Combining Gumbel MuZero and Stochastic MuZero

google-deepmind / mctx

Monte Carlo tree search in JAX

Apache License 2.0

2.36k stars 191 forks source link

Combining Gumbel MuZero and Stochastic MuZero #66

Closed carlosgmartin closed 10 months ago

carlosgmartin commented 1 year ago

This library contains implementations of

Gumbel MuZero (policy improvement)
Stochastic MuZero (chance nodes)

Potentially, these could be combined. (Example.) I was wondering if any consideration has been given to the idea of adding an implementation of this combination.

fidlej commented 1 year ago

Hi. Thanks for asking. Yes, it should be possible to combine the two algorithms. The Gumbel MuZero would be used for root nodes and Stochastic MuZero for interior nodes.

Currently, the Stochastic MuZero implementation is missing tests with an expected search tree. It would be nice to have such tests for any new implementation. E.g., recording a search tree from a 2048 game.

It would be also nice to move the Stochastic-MuZero-related policies to a new file: stochastic.py. Currently, I'm not working with 2048 (or another stochastic game). Well-tested contributions are welcome here.

carlosgmartin commented 1 year ago

@fidlej pgx and jumanji have JAX implementations of 2048 that could perhaps be used for this.

fidlej commented 10 months ago

Let's close this issue. The existing Stochastic MuZero implementation is not efficient inside mctx. An alternative library can be created for Stochastic MuZero.

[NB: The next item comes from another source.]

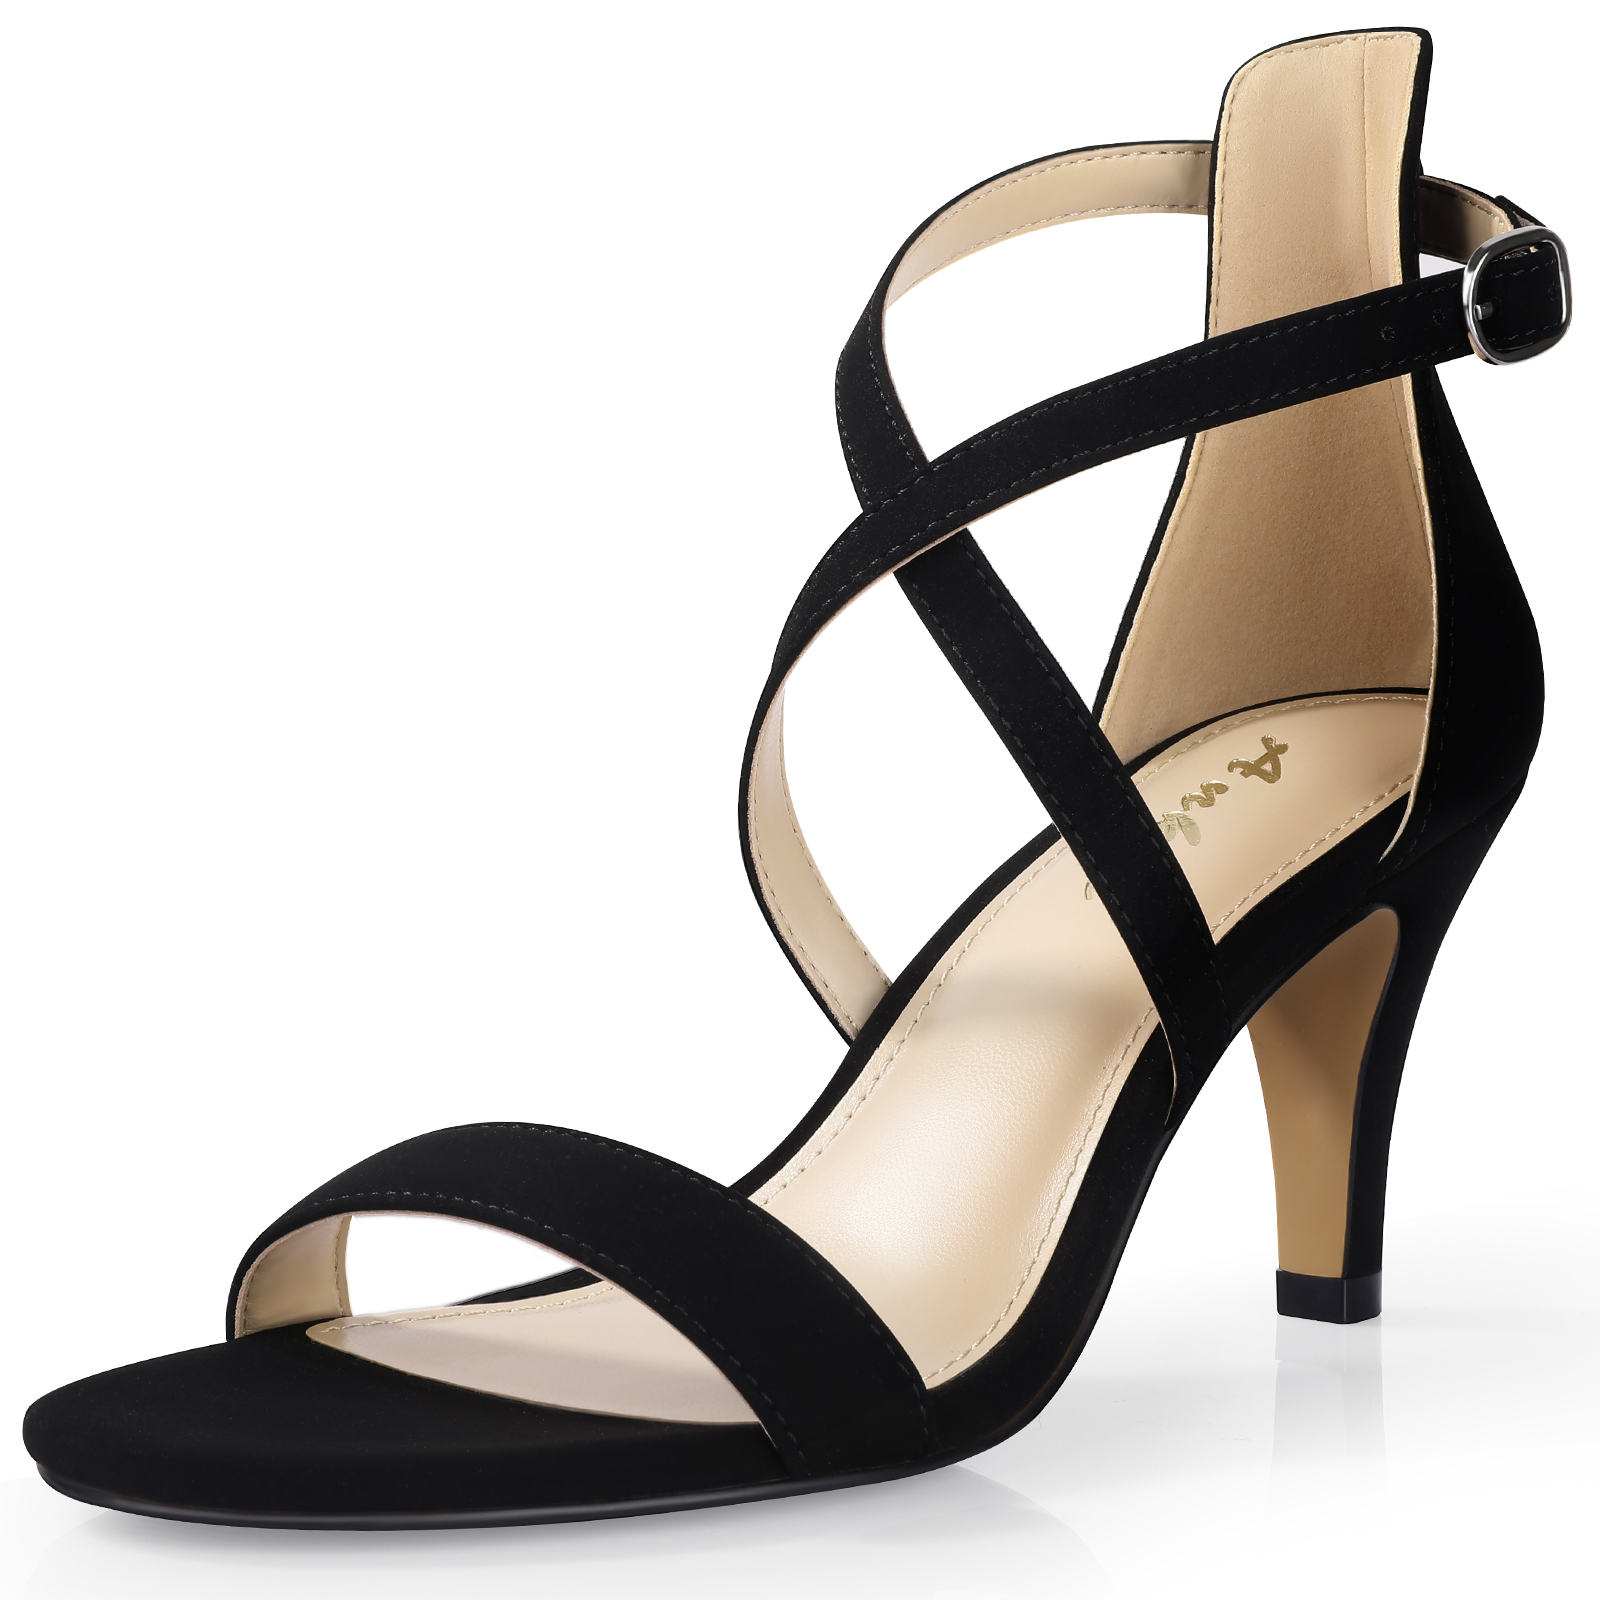 Cross Strappy Heels for Women Inch - Black

puyuan1996 commented 7 months ago

Hello, thank you to the contributors for their outstanding work on this repository. Regarding the issue here, you might be interested in the project "LightZero: A Unified Benchmark for Monte Carlo Tree Search in General Sequential Decision Scenarios". This repository not only supports the AlphaZero algorithm but also extends support to MuZero and a series of related algorithms and environments (including StochasticMuZero and 2048), which might meet your requirements. Best wishes.